When purchasing goods from China, most corporations employ the same purchasing strategy: They aim to get the lowest possible price by placing many vendors in competition. And that worked well up until 2009, at least.
On the other hand, extracting cheaper costs has become very difficult over several years. The buying department should be organized into broad categories or projects, and suppliers should be brought into the value-creation process to work together to reduce overall expenses rather than just lowering the purchase price. Let's look at some of the guiding principles for procurement in China to get started.
1: Using cloud-based procurement software
When it comes to preparing procurement for the future, going digital is essential. One of the e-procument advantages is to free up procurement team members to concentrate on their strategic responsibilities.
Procurement operations will likely undergo a complete digital transition as technology becomes more and more integrated into our daily lives. The most successful companies are using digital procurement techniques.
Provides an easy-to-use platform for onboarding, maintaining, and managing suppliers.
Authorization for the payment of an invoice
You may approve and do three-way matching on the go.
Requests for Purchase:
Purchase requests may be captured, approved, and tracked using fluid forms.
Orders of Purchase:
Purchase orders and orders may be generated automatically from authorized POs.
Your purchasing data should yield actionable, data-driven insights.
Link your procurement cloud to other critical financial software platforms.
2: Transparency in spending
Unlocking savings and moving closer to operational excellence begin with making procurement in China activities more transparent.
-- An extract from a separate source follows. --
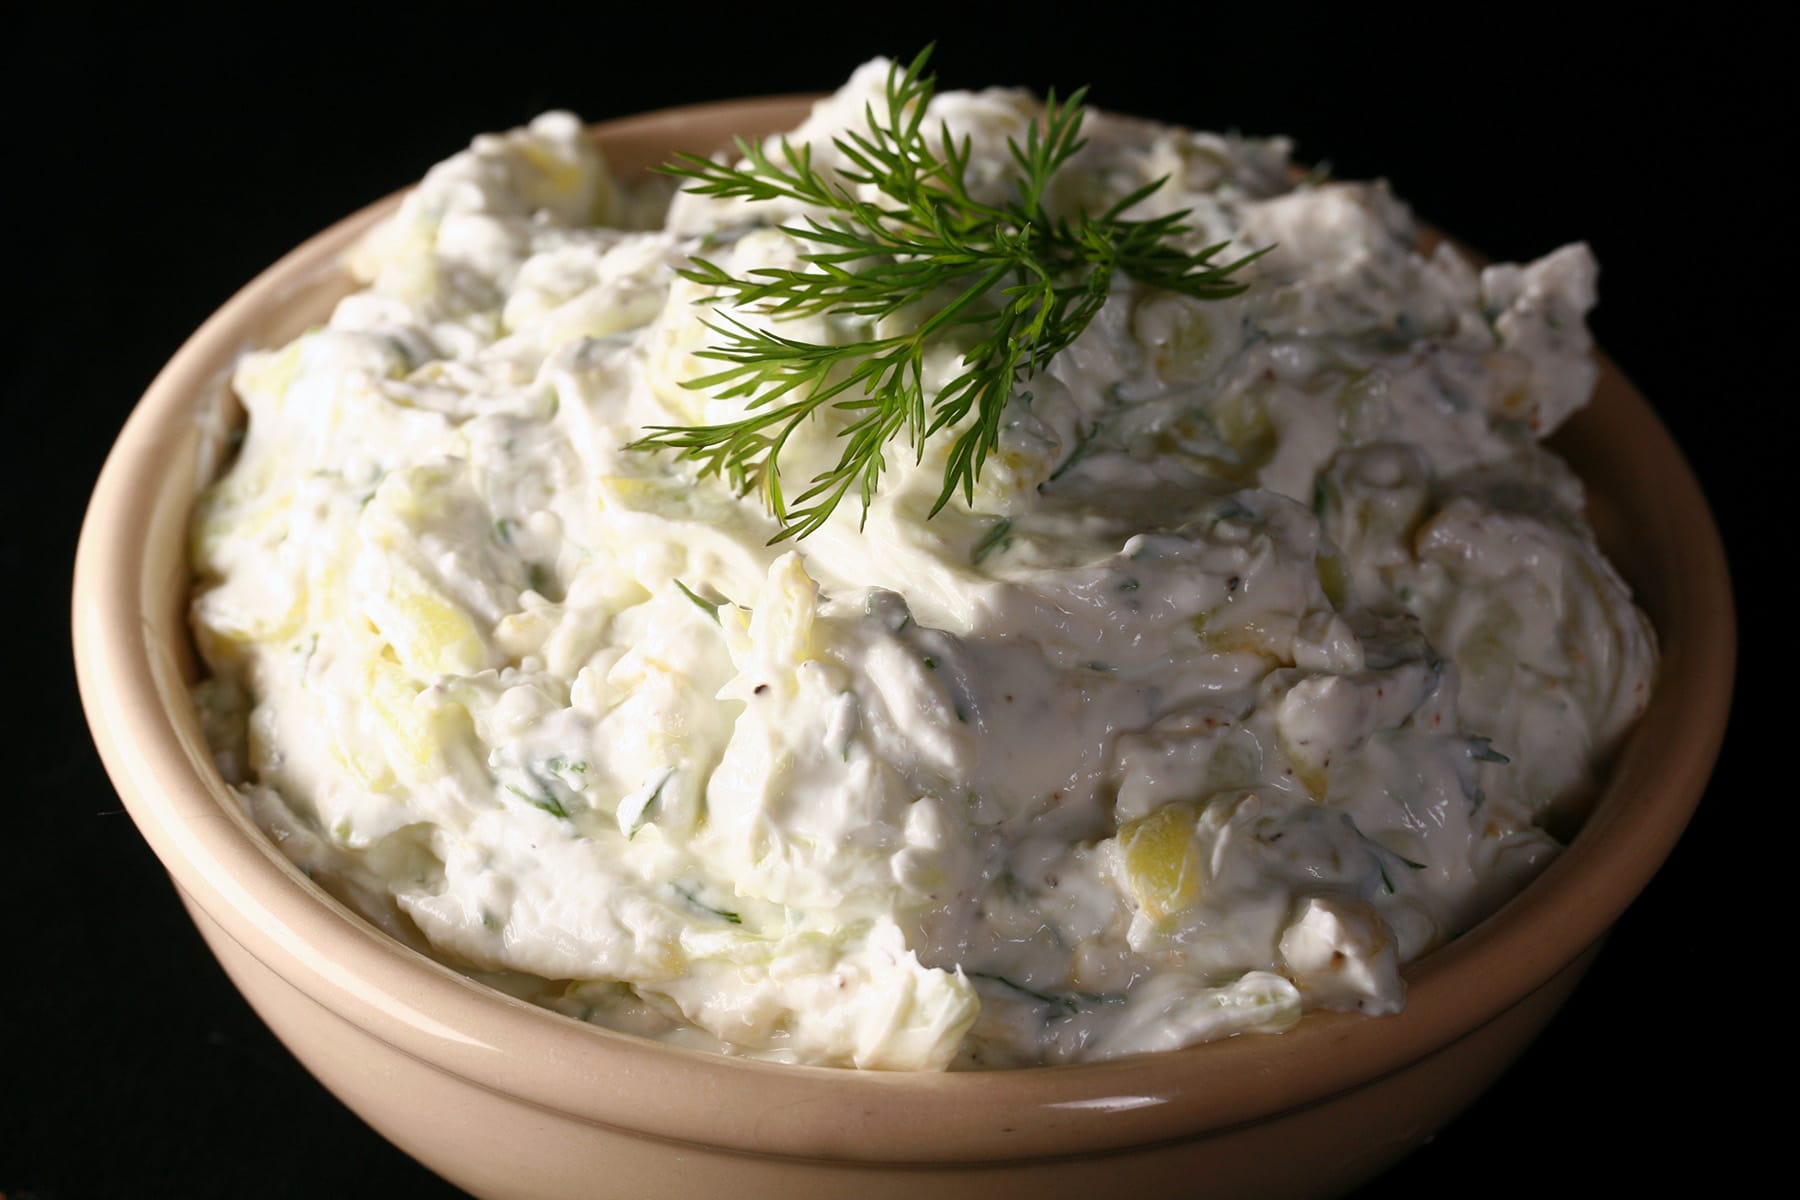 A bowl of thick tzatziki dip, garnished with fresh dill.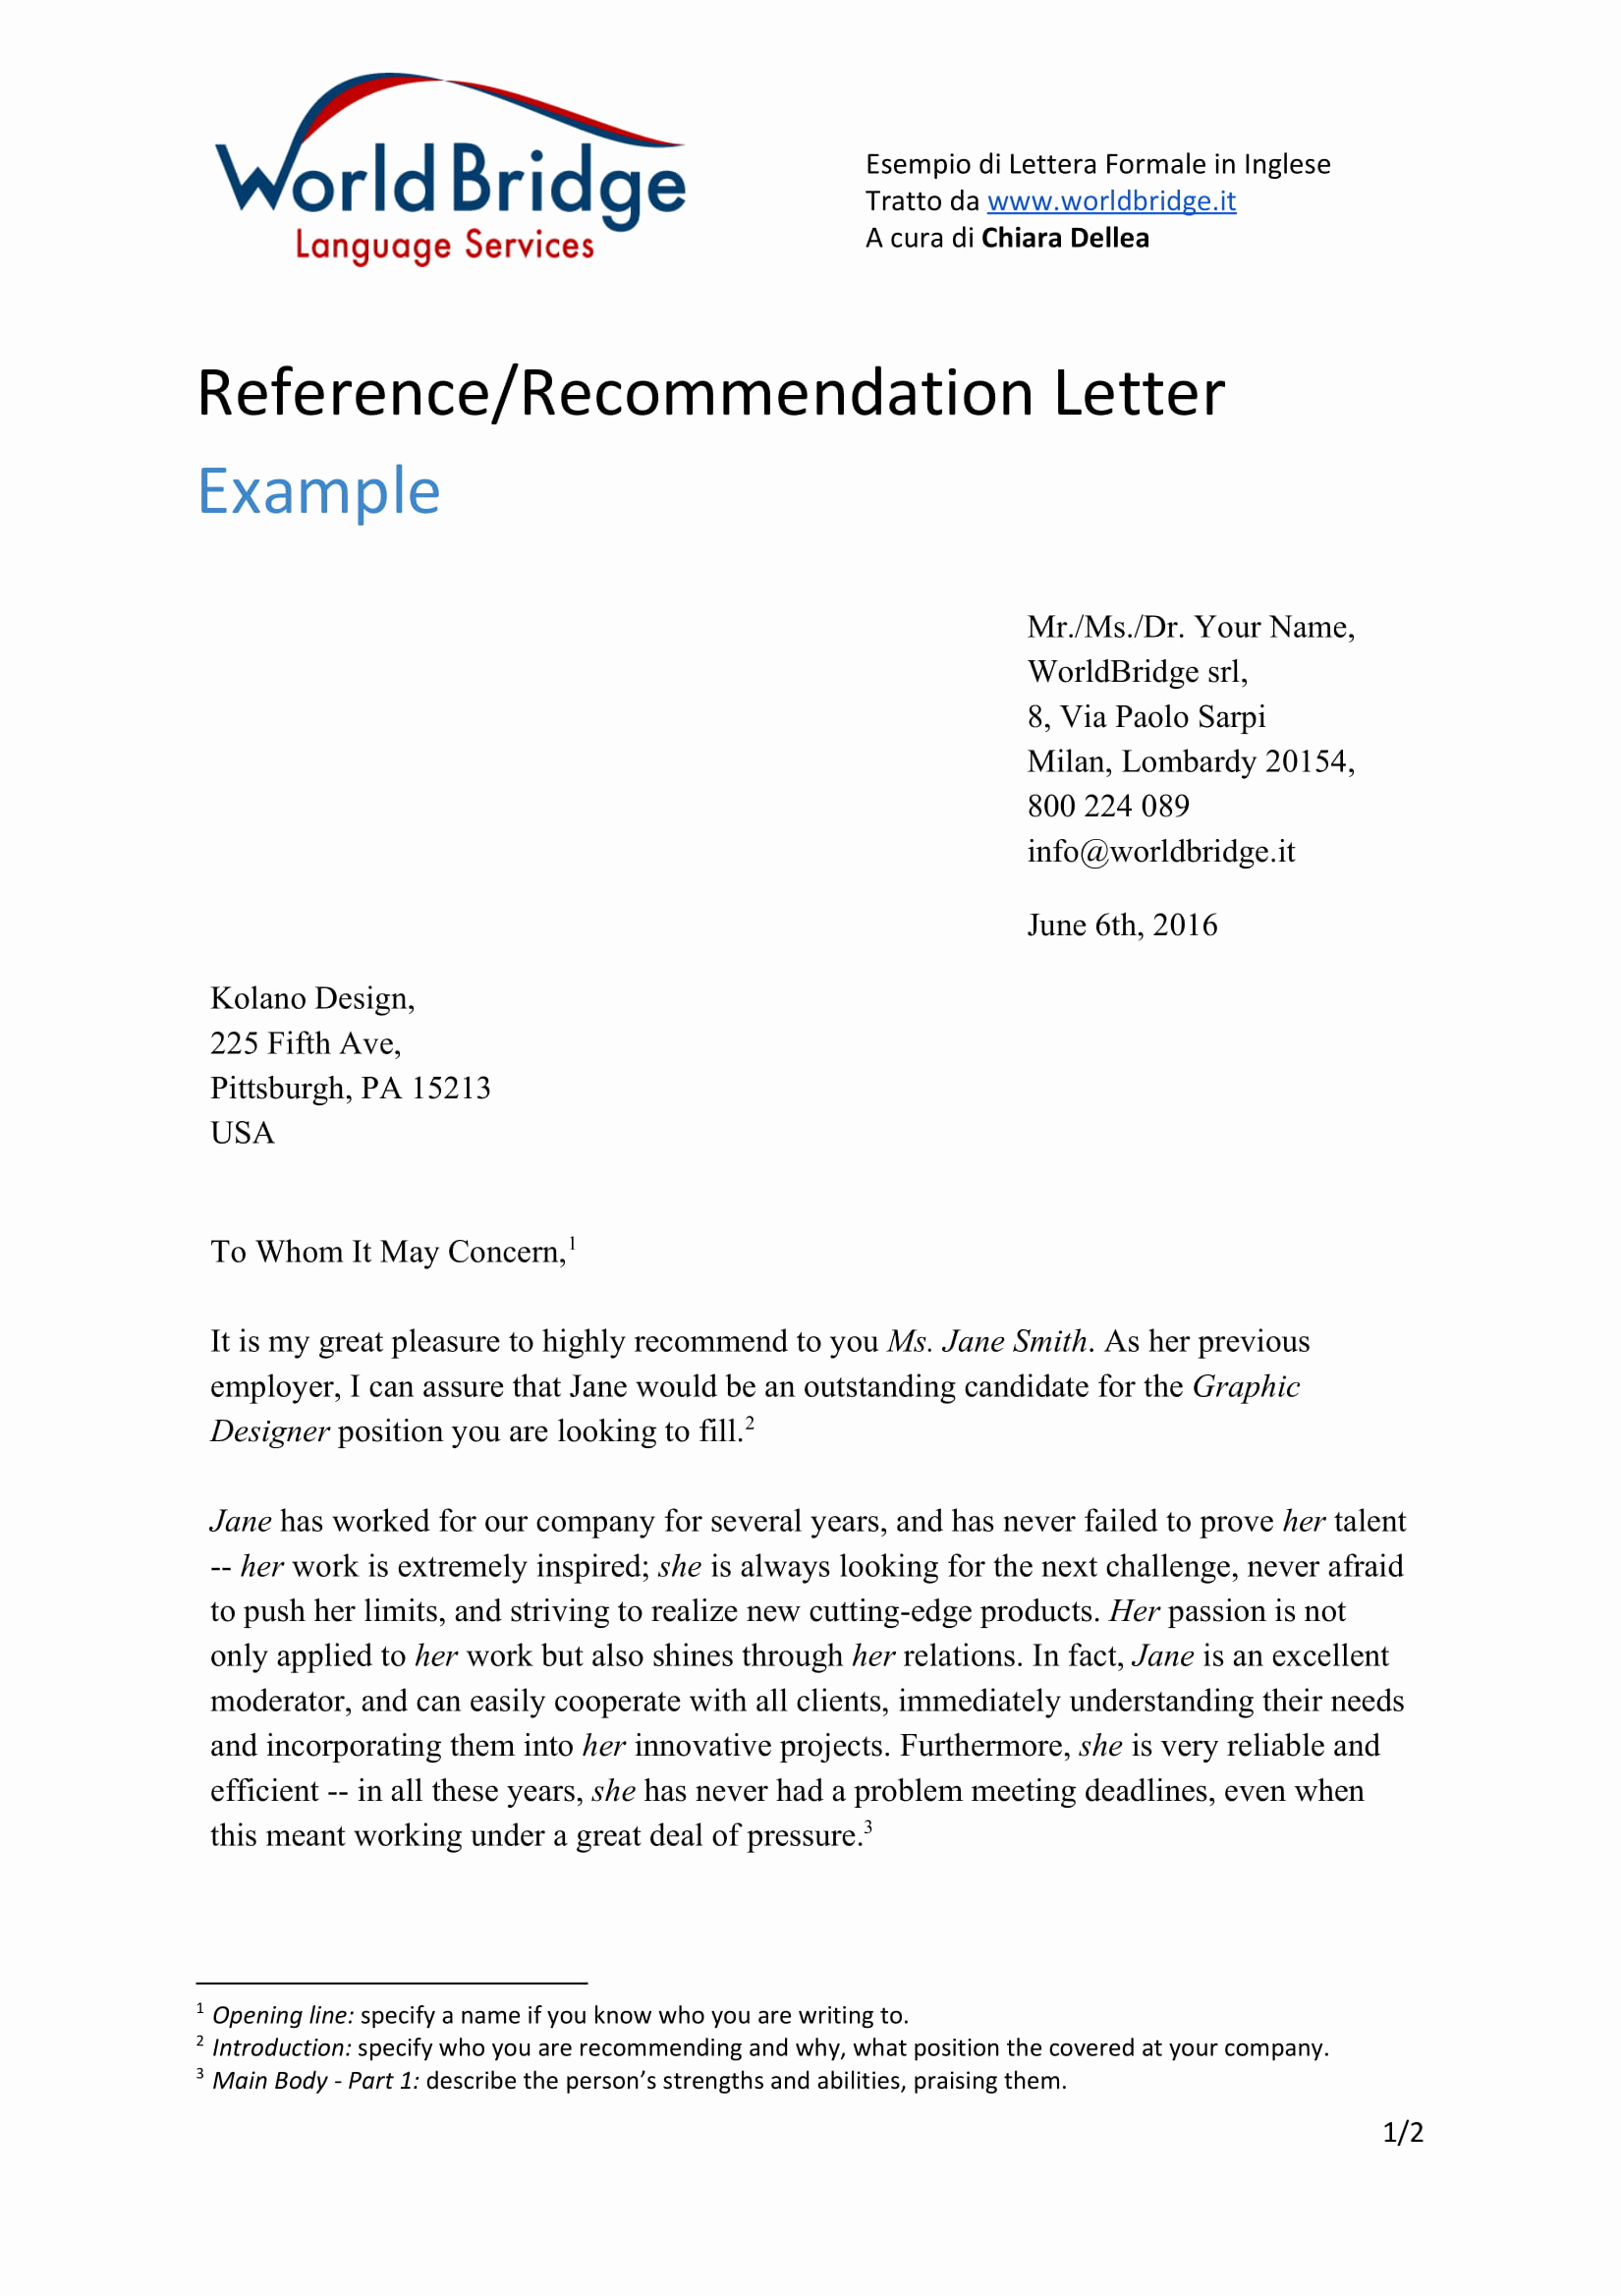 Reference Letters From Employers Beautiful 9 Reference Letter From A Previous Employer Examples

The procurement process must be evident to ensure accountability and reduce the risk of fraud. Bringing your spending under control is a terrific strategy to save money. In just five easy steps, we've shown how to get there.
The procurement process may be made more transparent by following these steps:
Set up procurement procedures that work.
Every stage of the acquisition process should be closely monitored and documented.
Identify and maintain a list of pre-approved vendor listings.
Construct foolproof purchasing agreements
Regularly check your systems for flaws.
Dark buying and maverick spending can be eliminated by utilizing data analytics and automation. The procure-to-pay cycle may now be seen more clearly thanks to advances in procurement technologies.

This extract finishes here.